In this court the plaintiffs in error, defendants below, claim that the court below erred in overruling their demurrer to the plaintiff's petition; and also claim that the court below erred in rendering the judgment which it did render upon the agreed statement of facts. Whether the court below erred, or not, in overruling the demurrer, we think is wholly immaterial; for substantially the same facts were set forth in the agreed statement of facts as had previously been alleged in the plaintiff's petition, and if the court below erred in overruling the demurrer, it also necessarily erred in rendering the judgment it did render on the agreed statement of facts, and the judgment should be reversed for such error. But if the court did not err in overruling such demurrer, then no harm was done by such ruling. Where a case is submitted to a trial court upon an agreed statement of facts, the court may generally render such a judgment in the case as the facts admitted by the parties will authorize; and this although the pleadings may to some extent be defective, informal, or even insufficient as pleadings; for where the parties have agreed upon all the facts of their case, either party has a right, without costs, and in furtherance of justice, to so amend his pleadings as to make them correspond with the facts admitted by the parties. Such an amendment would not take either party by surprise, and it should be permitted by the court in furtherance of justice. But if the pleadings were not in fact amended, then the court should generally consider them either as amended, or their defects, omissions or misstatements of fact as waived by the party in whose favor such defects, omissions or misstatements of fact tend to operate. Justice in such a case requires that the judgment be rendered upon the real facts of the case, without regard to any technical defects, inadvertent omissions or inaccurate statements which may be found in the pleadings.

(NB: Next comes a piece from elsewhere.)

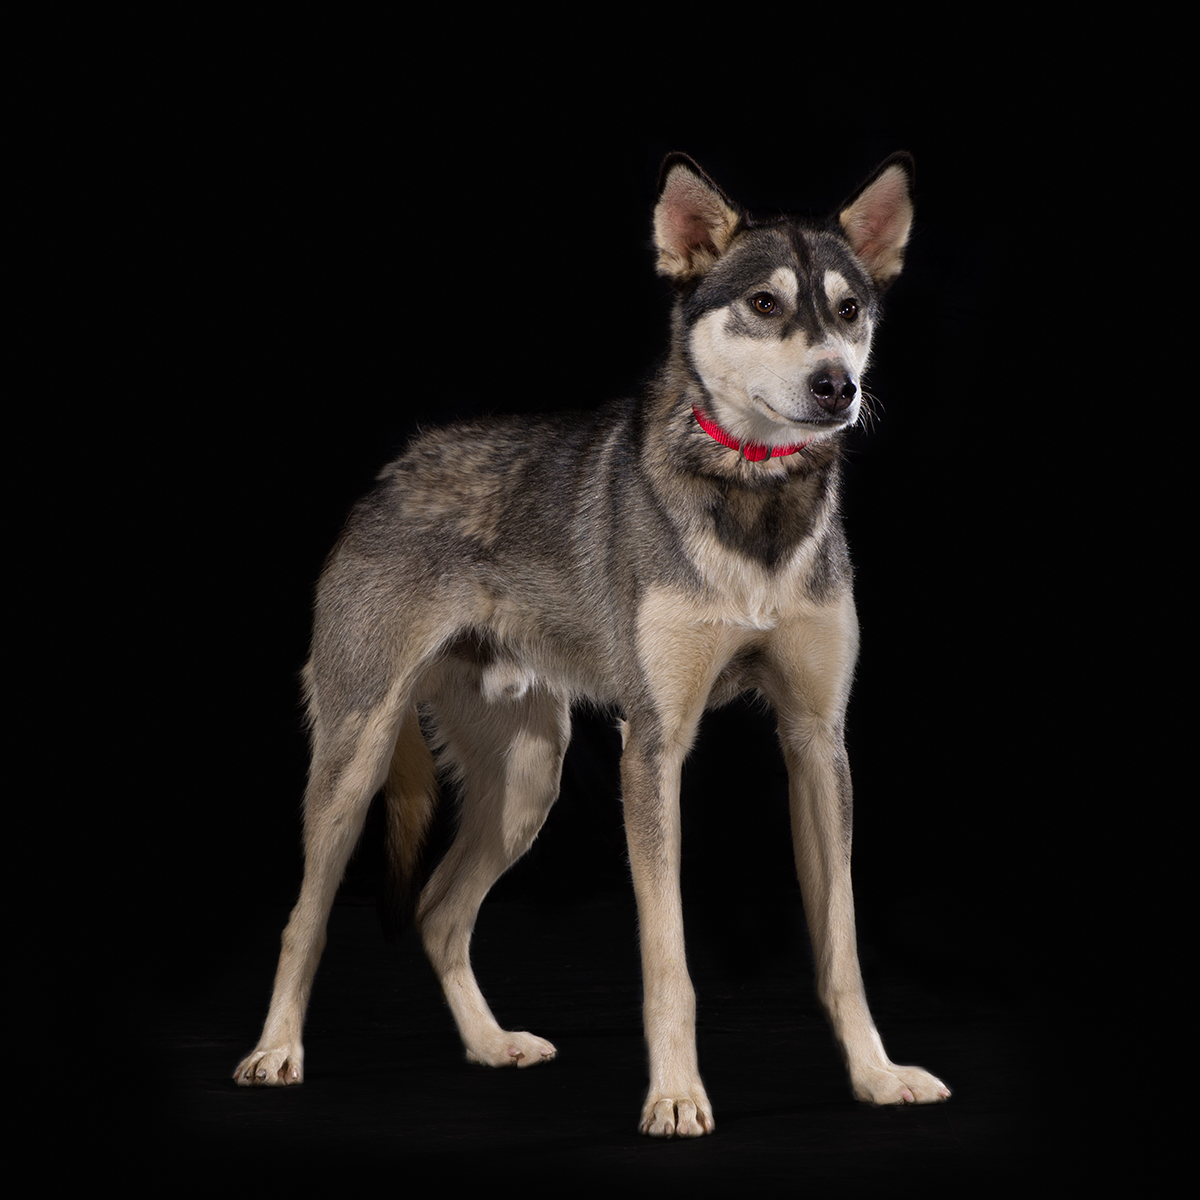 Dog With Fan : Dog fan club draws waylon jefe and mismo sp kennel

This brings us to the question whether the court below erred in rendering judgment in favor of the plaintiff and against the defendants upon the agreed statement of facts, and whether the judgment which the court in fact rendered is the kind of judgment which it ought to have rendered.

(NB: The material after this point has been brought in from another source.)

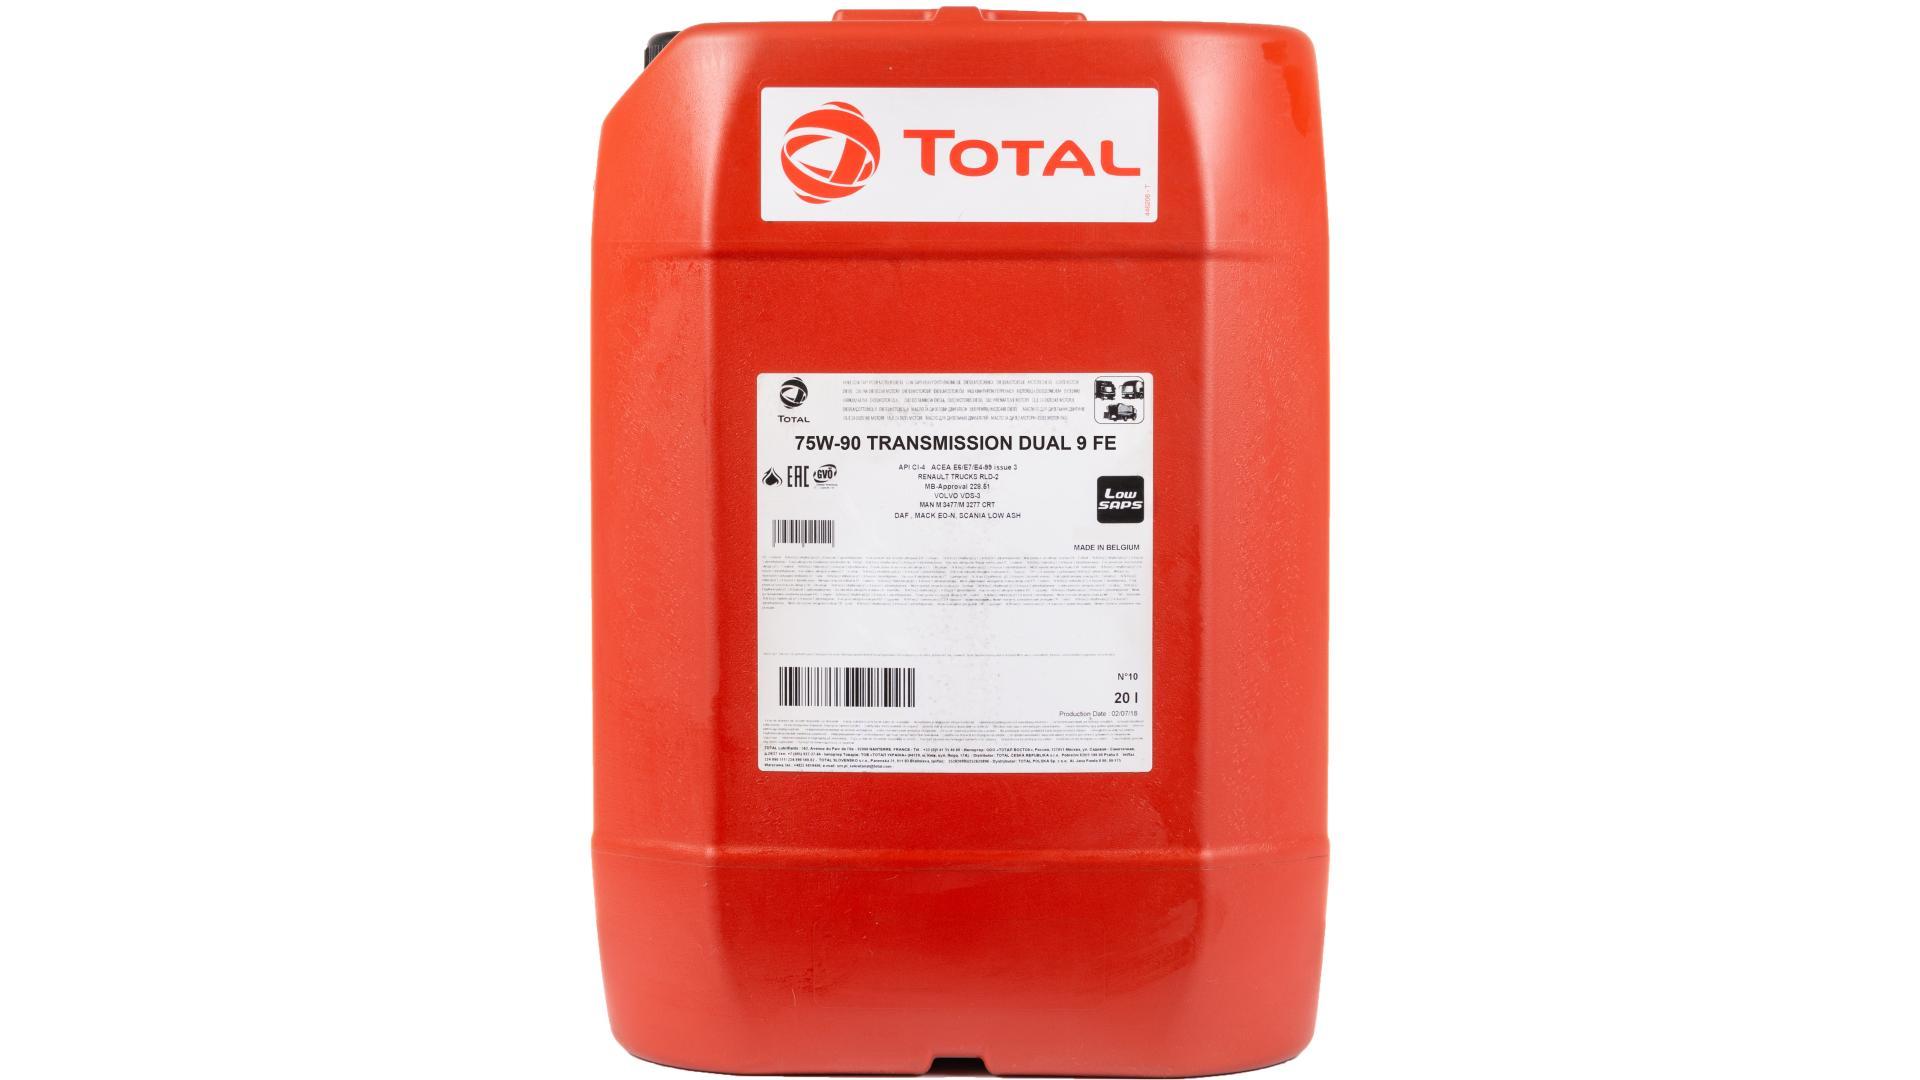 Total 75w-90 Transmission Dual 9 FE 20L (201657)

The plaintiffs in error, defendants below, claim that no judgment of any kind should have been rendered in favor of the plaintiff below; and this for the reason, as they claim, that the plaintiff had no possible or conceivable interest in the property in controversy. They claim that all interest which the plaintiff or her ancestor ever had in the property was forfeited to the state by the non-payment of interest due on the purchase-money and the non-payment of taxes. The only question therefore for this court to consider is, whether there was in fact any such forfeiture. The statutes with respect to forfeitures by purchasers of school land for the nonpayment of the purchase-money, or interest thereon, or taxes accruing...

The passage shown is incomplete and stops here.